When Communist-led happenings like the antiwar demonstrations and the current ones are not properly characterized by the media, the Communist organizations score a PR coup each and every time. Many members of the MSM are so sympathetic to the hard left that they may not even notice what's going on. Others purposely ignore it and make use of such bogus demos to continue Bush-bashing, which has gotten really effective lately if you look at the polls (which in themselves have become another form of leftist propaganda).

Basically, my friend was duped by A.N.S.W.E.R. as were a good many of the Latino demonstrators yesterday and last week. Further, the Latino demonstrators may soon discover that these Stalinist organized demonstrations may actually have a more sinister purpose. The ignorant MSM has failed to detect the massive backlash that's building among American citizens of all stripes who are absolutely disgusted that what they thought was their government, the one that supposedly represents them, is prepared to file capitulation legislation effectively proclaiming that illegal immigration is a fine thing. Such a backlash could grow to the point where the hard left could delcare "class warfare," which is precisely what their agenda is.

This, of course, is a goal as well for the hard left Democrats who believe that every Latino they can register to vote will perpetually cast a vote for them. That's just swell, and an excellent way to rebuild a dying party. But what kind of message are these Dems sending to new citizens and old about respect for the law and the value of citizenship? The Dems, frankly, don't care. The Republicans are wimping out. But the vast majority of U.S. citizens are very, very afraid of what this means. And they're not racists, as any lefty will try to convince you that they are. Rather, they are deathly afraid of the chaos that will begin to reign in this country when a vast and increasing number of outsiders have a stake neither in our country nor its ideals. If they say nothing, their fears will be fulfilled. If they themselves take to the street, the Stalinists will declare class warfare and things could get violent. Both of which would suit the left just fine. These are despicable people.

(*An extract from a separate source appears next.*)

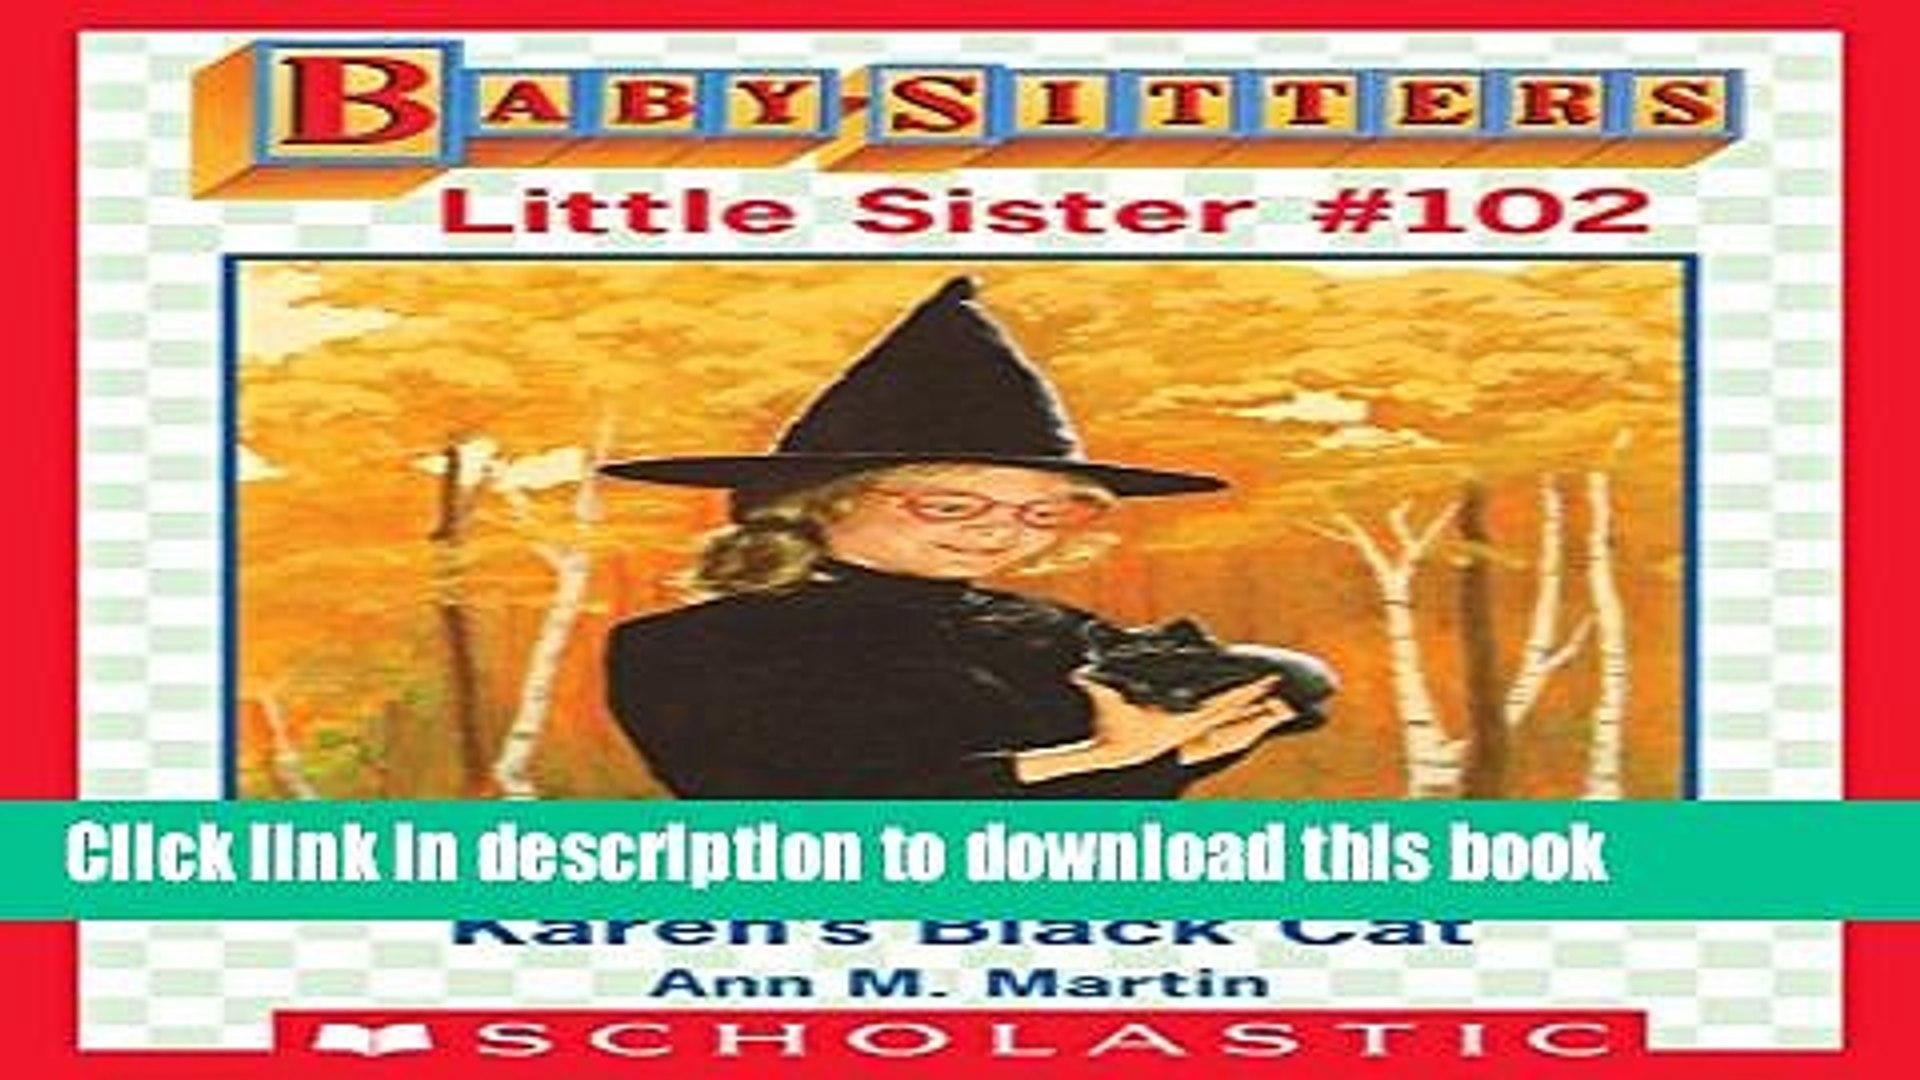 [Download] Karen s Black Cat (Baby-Sitters Little Sister #102) Paperback Free

Laws only work when they're enforced. What's being proposed here in terms of immigration is the legal equivalent of lowering the basket to 6 ft in the NBA, or bringing the outfield fence in about 200 ft in major league baseball. Suddenly, there's no longer any point buying tickets or in playing the game.

And that's what A.N.S.W.E.R. really wants. The complete breakdown of our society. So their Stalinist cohorts can win without firing a shot. This is the perfection of the Gramscian approach. But few ever saw this one coming.